WHAT THE TASK ASKS
From the data below, please reproduce exactly everything from the line that contains "Rolex New Watches 2020: Oyster" down to the line that contains "BACHARACH Combustion Analyzer", with both ends included.

[Opening PROVIDED MATERIAL section]

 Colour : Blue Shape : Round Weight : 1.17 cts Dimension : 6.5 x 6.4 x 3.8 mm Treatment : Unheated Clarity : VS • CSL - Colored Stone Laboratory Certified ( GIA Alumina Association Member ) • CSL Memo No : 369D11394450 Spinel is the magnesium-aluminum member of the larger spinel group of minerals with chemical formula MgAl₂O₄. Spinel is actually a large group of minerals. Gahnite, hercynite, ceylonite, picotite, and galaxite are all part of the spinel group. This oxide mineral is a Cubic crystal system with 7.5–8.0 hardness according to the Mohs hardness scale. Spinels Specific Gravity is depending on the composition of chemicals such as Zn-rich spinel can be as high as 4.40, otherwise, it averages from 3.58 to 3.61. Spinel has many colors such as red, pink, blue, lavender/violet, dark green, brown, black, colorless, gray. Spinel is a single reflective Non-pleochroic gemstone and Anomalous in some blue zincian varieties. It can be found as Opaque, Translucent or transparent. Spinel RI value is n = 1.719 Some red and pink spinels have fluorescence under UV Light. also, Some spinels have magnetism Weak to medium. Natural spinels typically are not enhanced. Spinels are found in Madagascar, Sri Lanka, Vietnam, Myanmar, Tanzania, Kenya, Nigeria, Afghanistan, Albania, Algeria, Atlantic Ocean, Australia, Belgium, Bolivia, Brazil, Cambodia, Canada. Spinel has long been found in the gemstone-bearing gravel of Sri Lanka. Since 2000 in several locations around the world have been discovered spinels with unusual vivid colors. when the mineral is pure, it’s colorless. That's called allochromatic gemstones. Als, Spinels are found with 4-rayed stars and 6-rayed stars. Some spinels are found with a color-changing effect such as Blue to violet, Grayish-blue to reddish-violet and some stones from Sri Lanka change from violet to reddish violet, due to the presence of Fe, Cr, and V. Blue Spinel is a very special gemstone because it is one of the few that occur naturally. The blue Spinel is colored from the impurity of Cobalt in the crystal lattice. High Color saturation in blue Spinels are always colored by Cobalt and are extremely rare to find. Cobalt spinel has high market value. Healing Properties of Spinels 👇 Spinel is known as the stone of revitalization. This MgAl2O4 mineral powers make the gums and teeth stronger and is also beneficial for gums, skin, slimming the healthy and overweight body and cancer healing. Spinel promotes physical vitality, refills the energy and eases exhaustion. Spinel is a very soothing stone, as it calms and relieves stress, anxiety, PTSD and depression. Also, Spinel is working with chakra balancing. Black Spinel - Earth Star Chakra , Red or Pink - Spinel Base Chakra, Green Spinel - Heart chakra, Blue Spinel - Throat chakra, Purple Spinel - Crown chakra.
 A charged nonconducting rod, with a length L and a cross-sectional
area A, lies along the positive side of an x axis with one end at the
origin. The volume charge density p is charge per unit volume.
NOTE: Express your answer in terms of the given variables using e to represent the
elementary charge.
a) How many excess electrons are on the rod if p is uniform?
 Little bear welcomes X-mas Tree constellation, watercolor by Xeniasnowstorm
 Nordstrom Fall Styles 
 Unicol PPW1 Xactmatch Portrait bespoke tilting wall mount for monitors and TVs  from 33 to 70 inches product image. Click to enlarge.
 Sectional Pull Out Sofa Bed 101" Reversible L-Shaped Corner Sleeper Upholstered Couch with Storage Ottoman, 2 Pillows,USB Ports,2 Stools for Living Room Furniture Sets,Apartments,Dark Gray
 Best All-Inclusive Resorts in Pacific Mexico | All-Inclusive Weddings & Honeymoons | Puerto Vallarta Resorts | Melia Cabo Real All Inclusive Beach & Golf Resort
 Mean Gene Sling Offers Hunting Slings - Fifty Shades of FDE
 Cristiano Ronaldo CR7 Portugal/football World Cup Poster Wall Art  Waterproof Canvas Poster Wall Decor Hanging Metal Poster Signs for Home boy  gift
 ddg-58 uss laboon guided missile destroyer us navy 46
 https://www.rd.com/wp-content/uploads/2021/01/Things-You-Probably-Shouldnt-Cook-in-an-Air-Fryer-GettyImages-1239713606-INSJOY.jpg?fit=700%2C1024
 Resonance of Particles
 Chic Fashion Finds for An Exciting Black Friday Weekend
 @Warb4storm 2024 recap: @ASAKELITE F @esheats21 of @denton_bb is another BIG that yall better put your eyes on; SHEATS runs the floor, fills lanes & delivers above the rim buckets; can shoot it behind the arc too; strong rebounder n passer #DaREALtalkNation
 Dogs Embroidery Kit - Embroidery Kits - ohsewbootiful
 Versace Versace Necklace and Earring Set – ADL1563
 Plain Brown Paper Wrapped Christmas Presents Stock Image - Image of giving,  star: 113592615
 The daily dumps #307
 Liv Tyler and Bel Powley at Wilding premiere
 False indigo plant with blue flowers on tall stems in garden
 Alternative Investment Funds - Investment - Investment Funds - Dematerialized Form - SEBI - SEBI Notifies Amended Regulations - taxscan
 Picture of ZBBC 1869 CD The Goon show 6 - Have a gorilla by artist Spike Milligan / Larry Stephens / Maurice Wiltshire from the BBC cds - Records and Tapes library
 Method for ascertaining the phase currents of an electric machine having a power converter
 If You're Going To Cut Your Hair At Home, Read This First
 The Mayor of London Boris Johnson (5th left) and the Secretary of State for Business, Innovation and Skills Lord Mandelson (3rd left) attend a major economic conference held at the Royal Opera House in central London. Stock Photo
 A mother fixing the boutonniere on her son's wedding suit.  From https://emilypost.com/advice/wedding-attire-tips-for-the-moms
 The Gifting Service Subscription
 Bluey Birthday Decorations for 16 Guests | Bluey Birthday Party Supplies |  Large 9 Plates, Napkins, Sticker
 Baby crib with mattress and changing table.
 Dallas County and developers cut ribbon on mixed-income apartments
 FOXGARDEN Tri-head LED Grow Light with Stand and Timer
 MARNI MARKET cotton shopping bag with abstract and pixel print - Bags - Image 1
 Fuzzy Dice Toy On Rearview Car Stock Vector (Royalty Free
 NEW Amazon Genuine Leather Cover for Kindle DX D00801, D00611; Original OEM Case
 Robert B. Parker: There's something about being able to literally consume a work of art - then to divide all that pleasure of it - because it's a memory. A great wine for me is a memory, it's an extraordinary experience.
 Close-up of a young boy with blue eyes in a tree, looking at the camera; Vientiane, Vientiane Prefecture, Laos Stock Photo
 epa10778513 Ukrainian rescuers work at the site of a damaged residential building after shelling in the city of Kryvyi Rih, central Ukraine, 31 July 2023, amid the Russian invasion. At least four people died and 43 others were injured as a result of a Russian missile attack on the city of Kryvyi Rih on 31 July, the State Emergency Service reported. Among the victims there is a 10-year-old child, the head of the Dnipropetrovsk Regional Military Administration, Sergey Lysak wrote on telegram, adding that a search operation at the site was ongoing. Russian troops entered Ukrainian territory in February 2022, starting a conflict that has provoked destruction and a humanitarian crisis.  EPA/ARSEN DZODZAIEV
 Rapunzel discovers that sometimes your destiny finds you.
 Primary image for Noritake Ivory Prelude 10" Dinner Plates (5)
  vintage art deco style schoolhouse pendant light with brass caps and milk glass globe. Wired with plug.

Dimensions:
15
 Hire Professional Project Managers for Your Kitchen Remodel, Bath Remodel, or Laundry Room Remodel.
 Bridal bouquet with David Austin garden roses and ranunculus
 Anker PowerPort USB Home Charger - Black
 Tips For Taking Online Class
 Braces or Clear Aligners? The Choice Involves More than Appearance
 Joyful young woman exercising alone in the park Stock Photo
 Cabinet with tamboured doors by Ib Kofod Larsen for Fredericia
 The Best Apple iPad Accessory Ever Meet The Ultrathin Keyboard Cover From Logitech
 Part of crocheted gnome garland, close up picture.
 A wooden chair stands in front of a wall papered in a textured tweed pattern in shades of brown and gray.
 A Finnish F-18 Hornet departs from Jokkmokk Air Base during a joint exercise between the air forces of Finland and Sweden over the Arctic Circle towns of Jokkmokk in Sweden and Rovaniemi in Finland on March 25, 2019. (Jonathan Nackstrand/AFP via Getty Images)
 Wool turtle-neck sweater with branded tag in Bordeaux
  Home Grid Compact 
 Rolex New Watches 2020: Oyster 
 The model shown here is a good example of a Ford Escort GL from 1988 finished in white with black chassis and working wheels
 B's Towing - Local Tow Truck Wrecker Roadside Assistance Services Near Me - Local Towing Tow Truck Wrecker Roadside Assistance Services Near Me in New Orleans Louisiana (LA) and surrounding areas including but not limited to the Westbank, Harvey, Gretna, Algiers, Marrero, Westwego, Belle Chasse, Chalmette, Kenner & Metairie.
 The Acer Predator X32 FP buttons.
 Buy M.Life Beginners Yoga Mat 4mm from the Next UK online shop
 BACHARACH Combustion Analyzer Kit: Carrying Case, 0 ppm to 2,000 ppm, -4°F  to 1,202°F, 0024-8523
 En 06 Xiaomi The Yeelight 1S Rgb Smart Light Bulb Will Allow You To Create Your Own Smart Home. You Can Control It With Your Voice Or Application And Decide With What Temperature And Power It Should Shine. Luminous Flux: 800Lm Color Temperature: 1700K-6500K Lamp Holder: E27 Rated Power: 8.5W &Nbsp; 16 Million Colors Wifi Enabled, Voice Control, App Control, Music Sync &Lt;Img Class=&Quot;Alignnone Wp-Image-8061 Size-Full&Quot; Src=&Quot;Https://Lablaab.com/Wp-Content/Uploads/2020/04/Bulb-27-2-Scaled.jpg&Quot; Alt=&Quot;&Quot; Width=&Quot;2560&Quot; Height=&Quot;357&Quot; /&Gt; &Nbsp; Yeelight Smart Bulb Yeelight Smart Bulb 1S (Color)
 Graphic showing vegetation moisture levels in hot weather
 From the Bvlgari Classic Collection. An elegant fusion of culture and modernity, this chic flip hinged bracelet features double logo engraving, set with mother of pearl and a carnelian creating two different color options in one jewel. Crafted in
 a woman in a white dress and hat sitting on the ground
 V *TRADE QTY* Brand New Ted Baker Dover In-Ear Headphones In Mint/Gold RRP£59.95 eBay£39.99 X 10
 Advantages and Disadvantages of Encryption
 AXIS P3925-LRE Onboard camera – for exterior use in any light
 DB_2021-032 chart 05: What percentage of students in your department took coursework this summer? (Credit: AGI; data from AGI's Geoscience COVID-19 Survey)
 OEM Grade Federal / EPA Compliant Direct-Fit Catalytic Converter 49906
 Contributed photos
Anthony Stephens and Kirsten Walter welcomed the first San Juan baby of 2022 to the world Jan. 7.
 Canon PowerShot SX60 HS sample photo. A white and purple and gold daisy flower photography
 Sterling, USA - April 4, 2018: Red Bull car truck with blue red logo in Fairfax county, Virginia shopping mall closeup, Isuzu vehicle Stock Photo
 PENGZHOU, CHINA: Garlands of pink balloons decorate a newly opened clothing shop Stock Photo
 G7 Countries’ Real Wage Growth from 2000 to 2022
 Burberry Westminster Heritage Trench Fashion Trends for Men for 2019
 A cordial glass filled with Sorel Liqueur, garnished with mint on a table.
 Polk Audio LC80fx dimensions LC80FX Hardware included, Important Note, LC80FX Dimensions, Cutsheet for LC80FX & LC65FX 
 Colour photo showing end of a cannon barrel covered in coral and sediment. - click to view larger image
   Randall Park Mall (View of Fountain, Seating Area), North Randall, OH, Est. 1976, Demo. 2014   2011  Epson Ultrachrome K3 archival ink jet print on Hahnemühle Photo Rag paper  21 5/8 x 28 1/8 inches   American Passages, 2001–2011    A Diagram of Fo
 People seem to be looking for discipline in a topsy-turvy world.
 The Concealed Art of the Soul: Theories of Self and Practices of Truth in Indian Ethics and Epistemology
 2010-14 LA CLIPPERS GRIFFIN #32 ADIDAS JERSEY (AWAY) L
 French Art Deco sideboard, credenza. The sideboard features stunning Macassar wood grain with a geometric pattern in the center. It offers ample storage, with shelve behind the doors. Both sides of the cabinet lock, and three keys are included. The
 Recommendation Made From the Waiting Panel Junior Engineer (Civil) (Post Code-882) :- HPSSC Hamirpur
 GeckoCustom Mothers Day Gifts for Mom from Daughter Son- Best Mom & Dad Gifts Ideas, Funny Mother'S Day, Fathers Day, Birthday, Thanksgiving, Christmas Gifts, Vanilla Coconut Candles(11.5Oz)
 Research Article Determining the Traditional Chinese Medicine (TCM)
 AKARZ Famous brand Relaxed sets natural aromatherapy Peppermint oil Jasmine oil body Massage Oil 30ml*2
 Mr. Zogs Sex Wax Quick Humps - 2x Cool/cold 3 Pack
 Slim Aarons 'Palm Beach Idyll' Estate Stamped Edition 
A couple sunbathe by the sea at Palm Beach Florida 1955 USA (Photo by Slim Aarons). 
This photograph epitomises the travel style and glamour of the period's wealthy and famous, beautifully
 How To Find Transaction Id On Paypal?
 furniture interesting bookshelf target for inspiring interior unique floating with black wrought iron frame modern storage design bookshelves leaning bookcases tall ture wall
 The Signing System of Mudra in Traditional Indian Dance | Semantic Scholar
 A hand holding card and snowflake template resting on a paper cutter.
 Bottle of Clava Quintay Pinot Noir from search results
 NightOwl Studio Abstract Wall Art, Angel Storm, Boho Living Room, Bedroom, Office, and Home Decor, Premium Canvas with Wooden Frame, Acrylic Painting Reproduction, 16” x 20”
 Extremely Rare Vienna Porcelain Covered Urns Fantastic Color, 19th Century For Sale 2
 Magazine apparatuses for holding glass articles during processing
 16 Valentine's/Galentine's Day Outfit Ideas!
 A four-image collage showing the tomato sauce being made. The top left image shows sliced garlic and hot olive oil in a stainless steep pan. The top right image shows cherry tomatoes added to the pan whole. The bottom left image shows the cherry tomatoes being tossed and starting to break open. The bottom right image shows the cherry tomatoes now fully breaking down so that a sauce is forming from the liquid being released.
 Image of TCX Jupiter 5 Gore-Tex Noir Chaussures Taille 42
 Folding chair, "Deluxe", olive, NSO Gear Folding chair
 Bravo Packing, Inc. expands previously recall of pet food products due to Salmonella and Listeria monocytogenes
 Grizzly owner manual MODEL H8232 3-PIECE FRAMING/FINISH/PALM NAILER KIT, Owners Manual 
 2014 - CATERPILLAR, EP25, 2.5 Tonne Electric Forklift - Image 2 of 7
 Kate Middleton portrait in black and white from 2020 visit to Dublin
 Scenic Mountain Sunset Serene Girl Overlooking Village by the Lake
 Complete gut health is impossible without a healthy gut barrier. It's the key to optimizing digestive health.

[Closing PROVIDED MATERIAL section]

TASK SOLUTION
 Rolex New Watches 2020: Oyster 
 The model shown here is a good example of a Ford Escort GL from 1988 finished in white with black chassis and working wheels
 B's Towing - Local Tow Truck Wrecker Roadside Assistance Services Near Me - Local Towing Tow Truck Wrecker Roadside Assistance Services Near Me in New Orleans Louisiana (LA) and surrounding areas including but not limited to the Westbank, Harvey, Gretna, Algiers, Marrero, Westwego, Belle Chasse, Chalmette, Kenner & Metairie.
 The Acer Predator X32 FP buttons.
 Buy M.Life Beginners Yoga Mat 4mm from the Next UK online shop
 BACHARACH Combustion Analyzer Kit: Carrying Case, 0 ppm to 2,000 ppm, -4°F  to 1,202°F, 0024-8523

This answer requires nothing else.